But at least this time the Jets are starting out on the right foot, even if they got there in a backwards way. Because a huge key for any sports operation is for a coach and general manager to share the same vision, to be able to work together and solve their differences in a professional way.

So it's nothing but a good thing that Joe Douglas, the new Jets GM, was the hand-picked choice of new Jets coach Adam Gase. Yes, that's the reverse of how it usually happens. But in the end, it won't matter how they got there, as long as the Jets' two most powerful people begin and remain on the same page.

"The Jets job isn't a bad one at all, but people were worried about who is really in control," said one NFL executive. "A GM who didn't have a history with Gase would've worried about who had the real power in that organization. But that won't be a problem here. Douglas is Gase's guy."

 

And that matters - a lot - because Gase made it clear from almost the moment he was hired by the Jets back in early January that former Jets GM Mike Maccagnan wasn't his guy, and it became clear over time that they didn't agree on much. As a result, Gase began a passive-aggressive push that eventually shoved Maccagnan out the door. And from long before Maccagnan was fired on May 15, Gase let people around the league know that he hoped the Jets would hire Douglas, whom he knew from their one year together in Chicago in 2015.

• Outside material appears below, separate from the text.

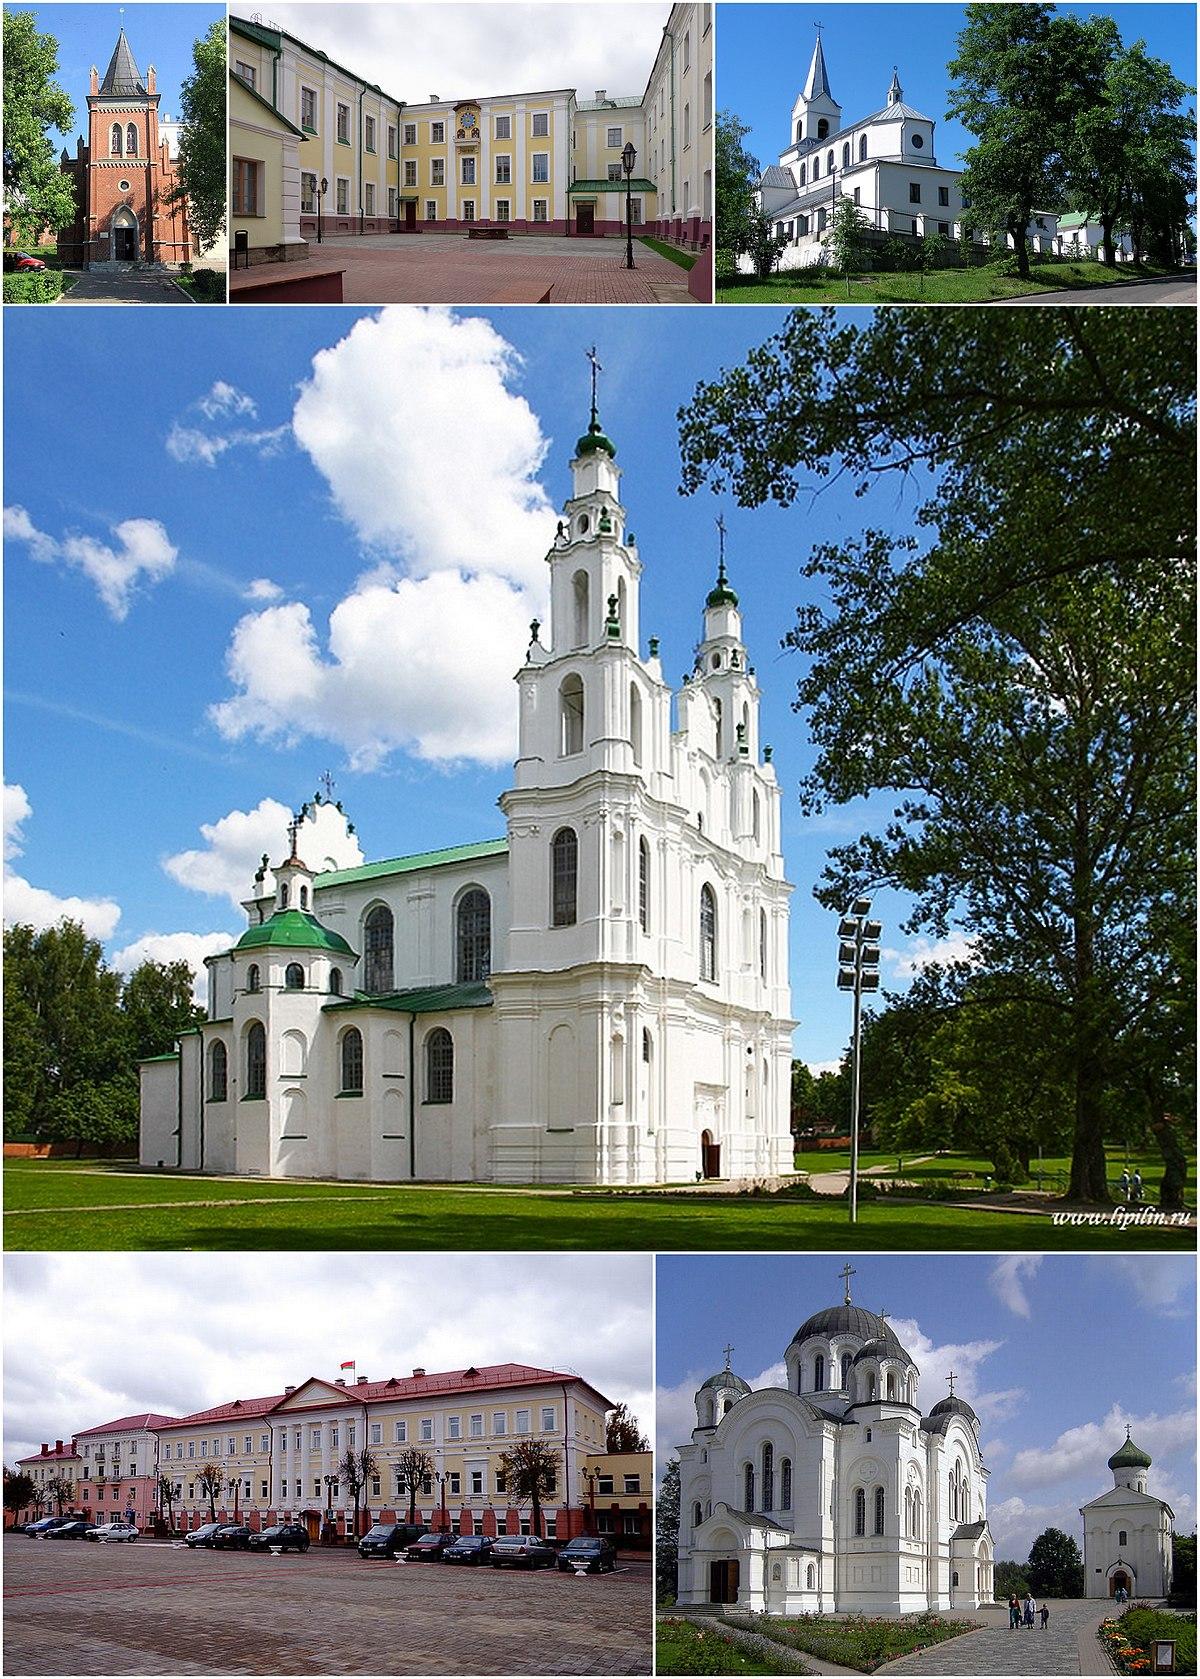 Polotsk State University in Vitebsk region 69

Yes, the Jets interviewed four candidates. And sure, as Gase kept insisting, it was inevitably the decision of Jets CEO Christopher Johnson. But don't be naive: Gase was the one pulling the strings. He was pushing for Douglas -- hard. So hard, in fact, that the Jets had to up their offer to him several times over several days, eventually landing him with a six-year deal believed to be worth about $20 million. Johnson's firing of Maccagnan may have been clumsy and ill-timed, and his wisdom in letting a new coach win a power struggle with an established GM can certainly be questioned, but he deserves credit for going hard after Gase's guy and not letting Douglas give "No" for an answer.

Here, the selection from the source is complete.